When does $\sqrt{x+\sqrt{x+1+\sqrt{x+2+...}}}=0$?

Question

Consider the function $f$ defined as the limit of the functions $$f_0(x)=\sqrt{x}$$ $$f_1(x)=\sqrt{x+\sqrt{x+1}}$$ $$f_2(x)=\sqrt{x+\sqrt{x+1+\sqrt{x+2}}}$$ $$...$$ so that $f(x)$ is defined iff $f_n(x)$ is defined for some $n$. The unique root $x_0$ of the function $f$ satisfies $f(x_0)=0$, and it can be alternatively expressed as the limit of the roots of $f_0, f_1, f_2, ...$. See the graphs below:

Can anyone find an expression equal to this limit? I realize that the chances of something nice and closed-form are slim - can we find a series, integral, or even nested radical representation of the real root of $f(x)$?

Answer 1

To address how I performed the computation, this was done in Mathematica using the following code:

F[x_, n_] := Fold[Sqrt[x + #1 + #2] &, 0, Reverse[Range[n + 1] - 1]]
FindRoot[F[x, 500] == 0, {x, -1.2}, WorkingPrecision -> 50]
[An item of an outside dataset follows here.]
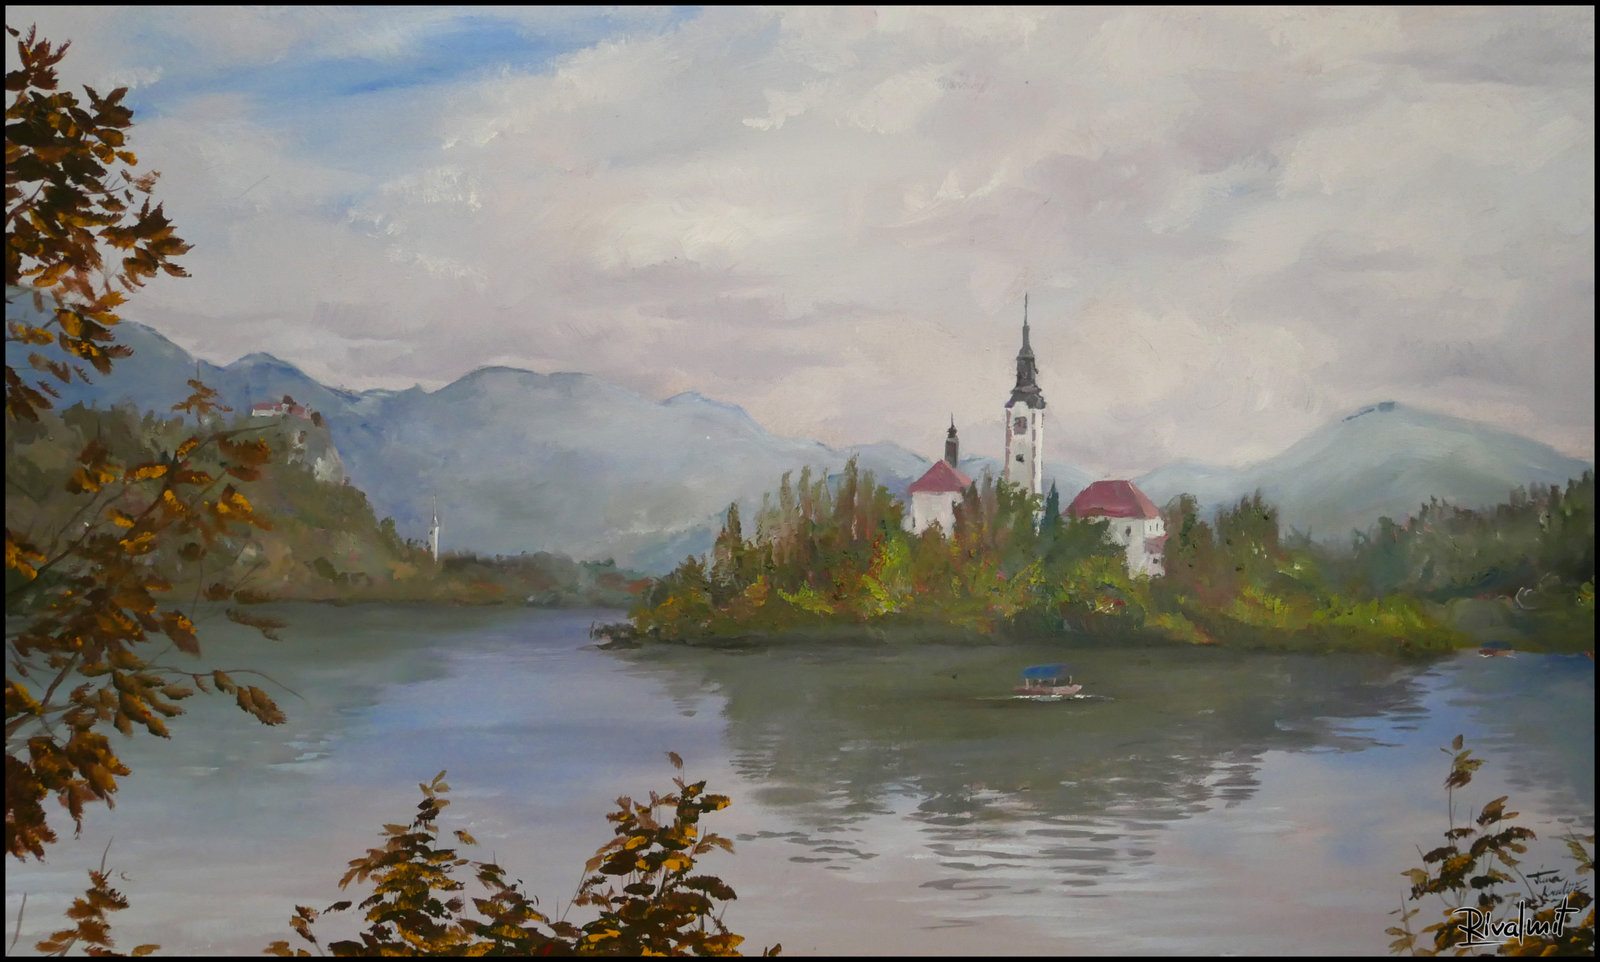 painting acrylic bled slovenia Bled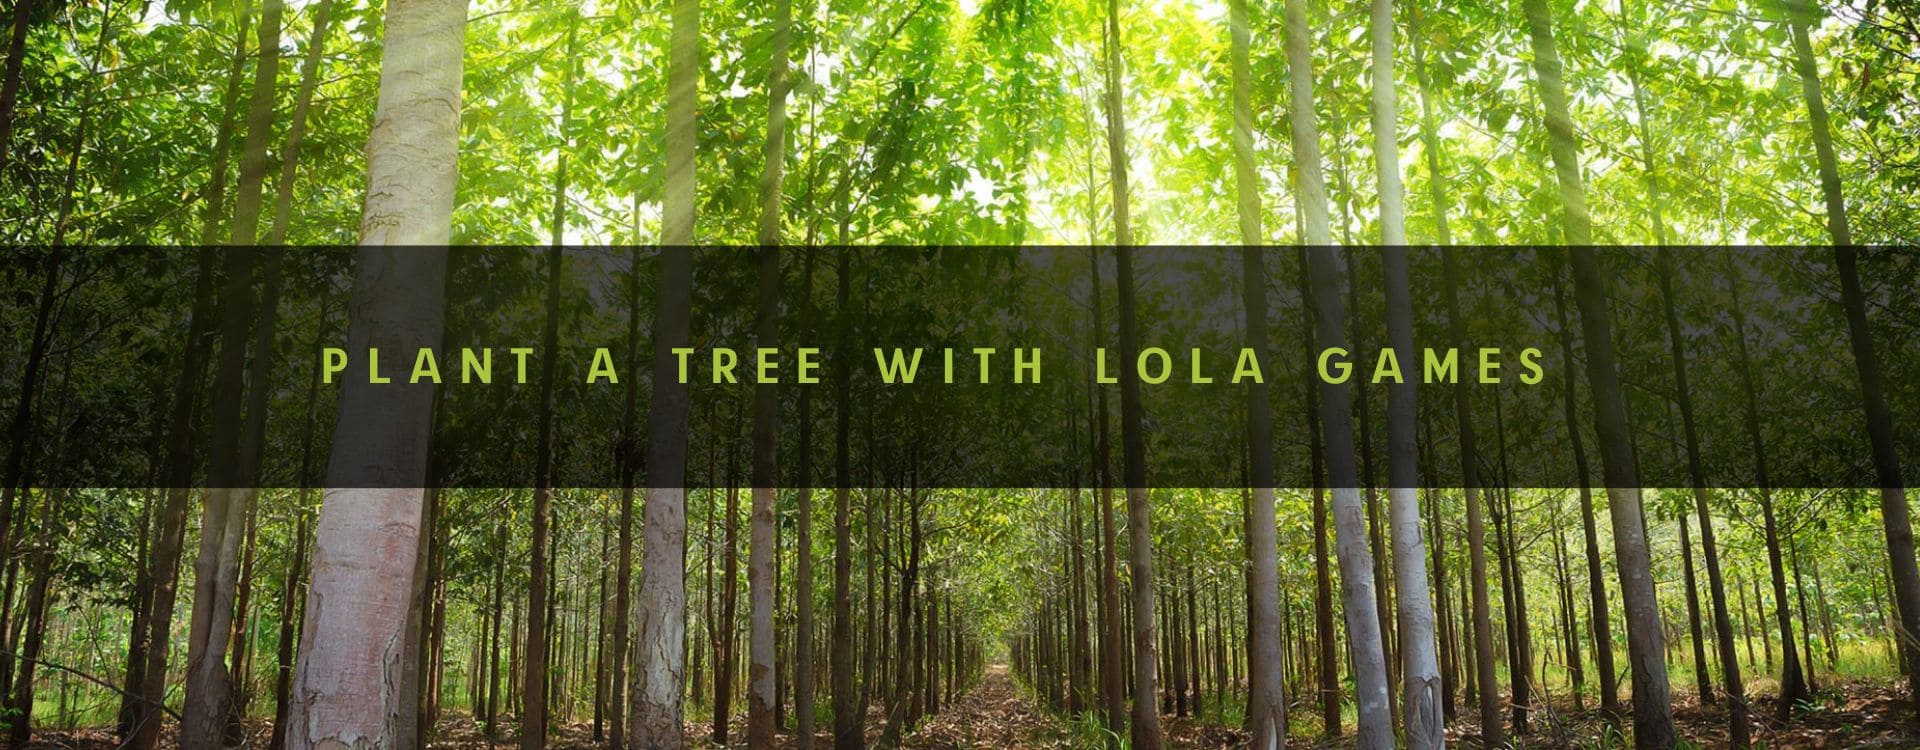 plant_a_tree_with_lola_games.jpg

The first command defines $f_n(x)$; the second chooses $n = 500$, which due to the extremely rapid convergence of $\{f_n\}_{n \ge 1}$, is more than sufficient to converge to the desired precision with a short computation time. You can check that the result is accurate by choosing $n = 100$ and seeing that the result is unchanged to $50$ digits of precision; indeed, even to $100$ digits of precision. I would put an upper bound on the error to be less than $10^{-n}$ when using $f_n$ instead of $f$.

Answer 2

Since there is apparently no representation of the root of $f(x)$ as a series, integral, or nested radical, this answer will explain how to find the root by numerically solving $f(x)=0.$ Of course, if you have Mathematica, you could use the Mathematica code in heropup's answer. But the Mathematica code doesn't explain exactly how the root is computed. Since the derivative of $f(x)$ is infinite at the root $x=r$ and $f$ is undefined for $x\lt r,$ neither Newton's method nor the secant method work. But the bisection method will work if you make a slight change in the definition of $f(x)$: if any argument of a square root during the computation of $f(c)$ is negative, define the value of $f(c)$ as negative one.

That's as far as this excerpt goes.